- Directed by: Billy Lewis
- Written by: Billy Lewis
- Produced by: Reid Doyle Jonathan Landau
- Starring: Cari Moskow Reid Doyle Devin McGee Arielle Breslerman Ariana Baron
- Cinematography: Stephen Thompson
- Music by: Dizi Johnson Matt Rose
- Production company: Orange St Films
- Distributed by: Uncork’d Entertainment
- Release date: March 6, 2018;
- Running time: 84 minutes
- Country: United States
- Language: English

= The Terrible Two =

The Terrible Two is an American psychological/paranormal/horror film written and directed by Billy Lewis. The film stars Reid Doyle, Cari Moscow, Donny Boaz, Devin McGee, and Shane Callahan.

It was filmed during an eleven-day period in Wilmington, North Carolina using Lewis's home.

== Plot ==
One year after the deaths of their daughters Addie and Jade, Albert Poe tries to move on while his wife Rose is still stuck in her grief, baking a birthday cake for the girls and speaking of them in present tense.

Talking to her therapist Dr. Connor, Rose describes seeing evidence that her daughters are alive and mentions finding a manuscript about demons in the attic. Dr. Connor urges the couple to sell the house, sensing something bad lurking there. Researching the house and its prior owner Jack Wilson, Rose discovers newspaper archives about suspicious activity in the house.

Albert lists the house for sale but dismisses the manuscript as religious propaganda. However, he discovers a tape recording showing that their daughters were coaxed onto the roof by an unseen entity, only to fall to their deaths. S strange woman named Nebula, appears in their home and chastised Albert and Rose for not properly researching the house. She cuts Albert's face with a knife before leaving, stating that nothing can save them. Later that night, Albert wakes to find Rose in a trance-like state, brushing a doll's hair while saying that Albert never loved them nor made them a priority. A scene then shows that a local realtor named Fred is plotting with Nebula to force the couple out of the house, but that they must now allow events to play out on their own.

The next day, Dr. Connor arrives at the house and informs Albert that Jack Wilson was a pseudonym for a man named Donovan Peebles. Twenty-six years ago, Donovan murdered two Girl Scouts in the house in order to rid his body of demons. The two then discover that Rose is in the girls' room and has been possessed. Albert subdues Rose and seemingly frees her from possession but is unable to convince her to leave. He discovers a drawing of their deaths by the girls' hands and decides that they must leave. While going to get his gun, Albert discovers Dr. Connor's corpse. While trying to flee the house Albert is confronted by his daughters, who demand that he tell the truth. It is revealed that Albert killed them by breaking their necks. Rose, now possessed, stabs Albert to death.
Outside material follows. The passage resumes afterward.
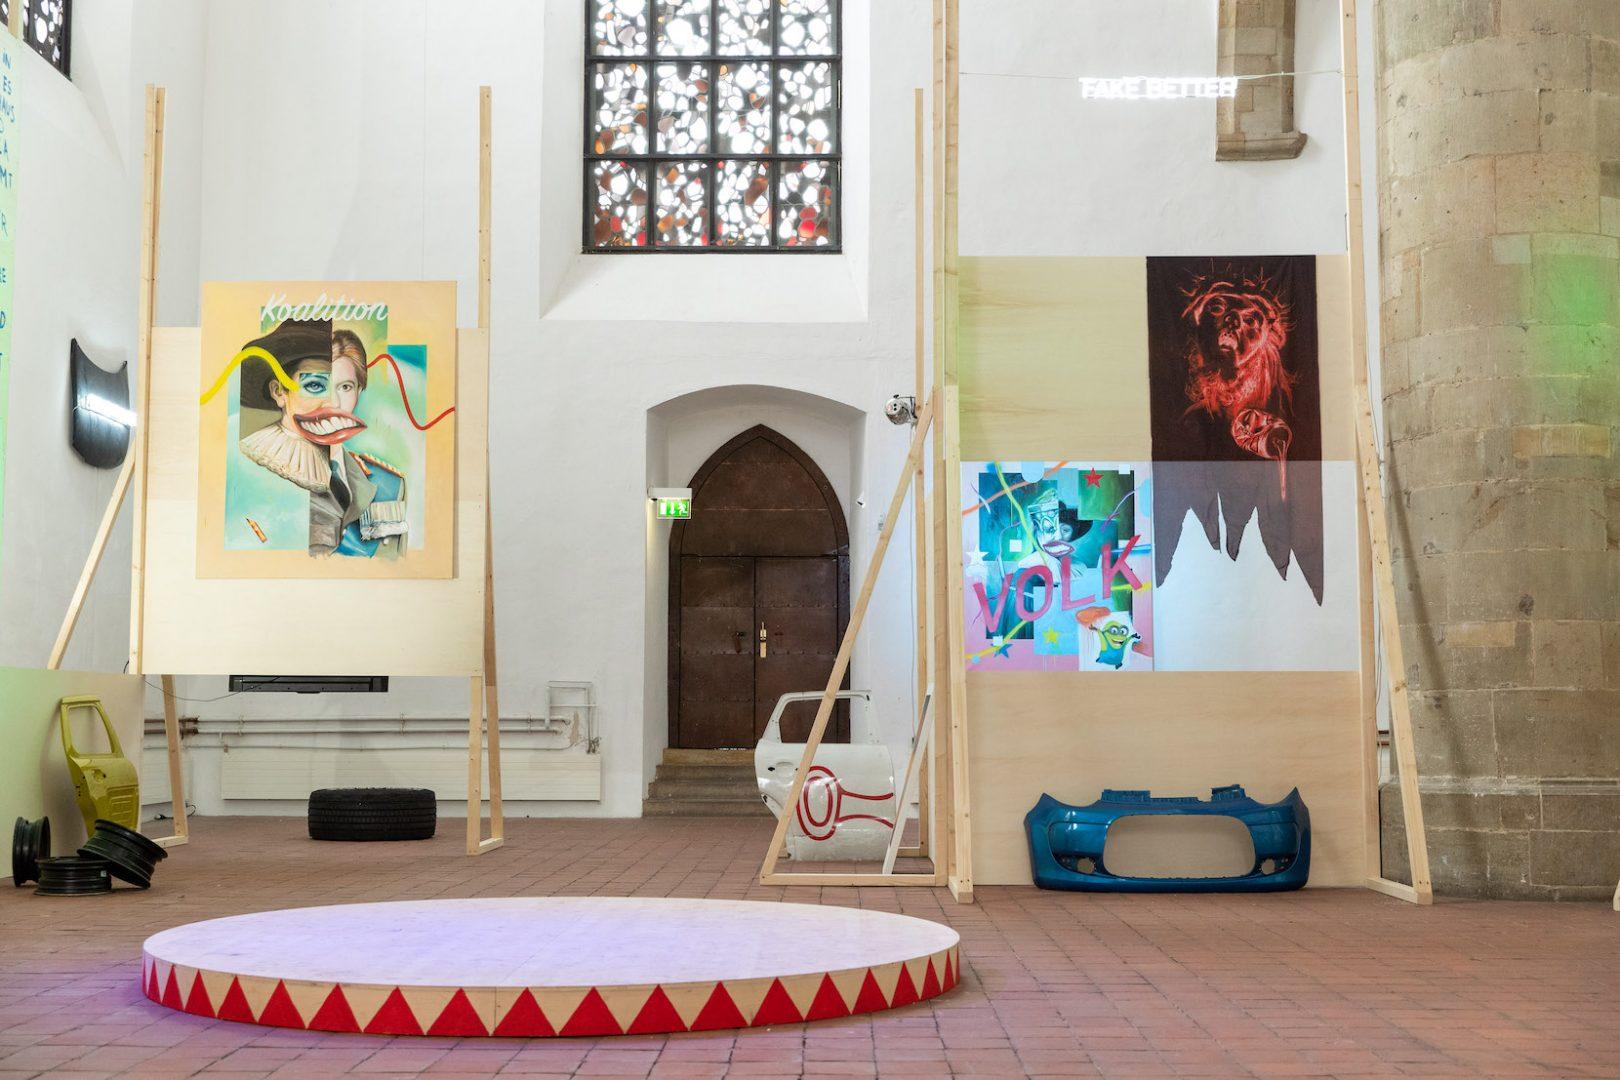 Filip Markiewicz | Celebration Factory, Ausstellungsansicht, Kunsthalle Osnabrück, 2019/20. Foto: Filip Markiewicz. Courtesy Filip Markiewicz / Kunsthalle Osnabrück

Sometime later, Fred shows the house to another family with two daughters, saying it became too much for the previous owners.

==Cast==
- Cari Moscow as Rose Poe
- Reid Doyle as Albert Poe
- Arielle Breslerman as Addie Poe
- Ariana Baron as Jade Poe
- Devin McGee as Dr. Connor
- Martyn Woleben as Scott
- Tracy McMullan as Nebula
- Donny Boaz as Fred
- Eric Johann as Donovan Peebles

== Release ==
The Terrible Two was released through video-on-demand on March 6, 2018, by Uncork’d Entertainment.

== Reception ==
Horror Society rated the movie a 6.5 out of 10, stating that "It looks great, it’s shot well, the actors are phenomenal, the story is emotionally-charged and enthralling. The only thing that hinders it is the amount of horror. I’m sorry, I just wasn’t impressed. That needed to be turned up a notch…or two." Film Threat and Starburst both criticized the film, which Film Threat noted "struggles to find its footing, pulled apart by horror tropes, dodgy acting and unrealistic characters" and Starburst called "painful". Daily Grindhouse was also critical.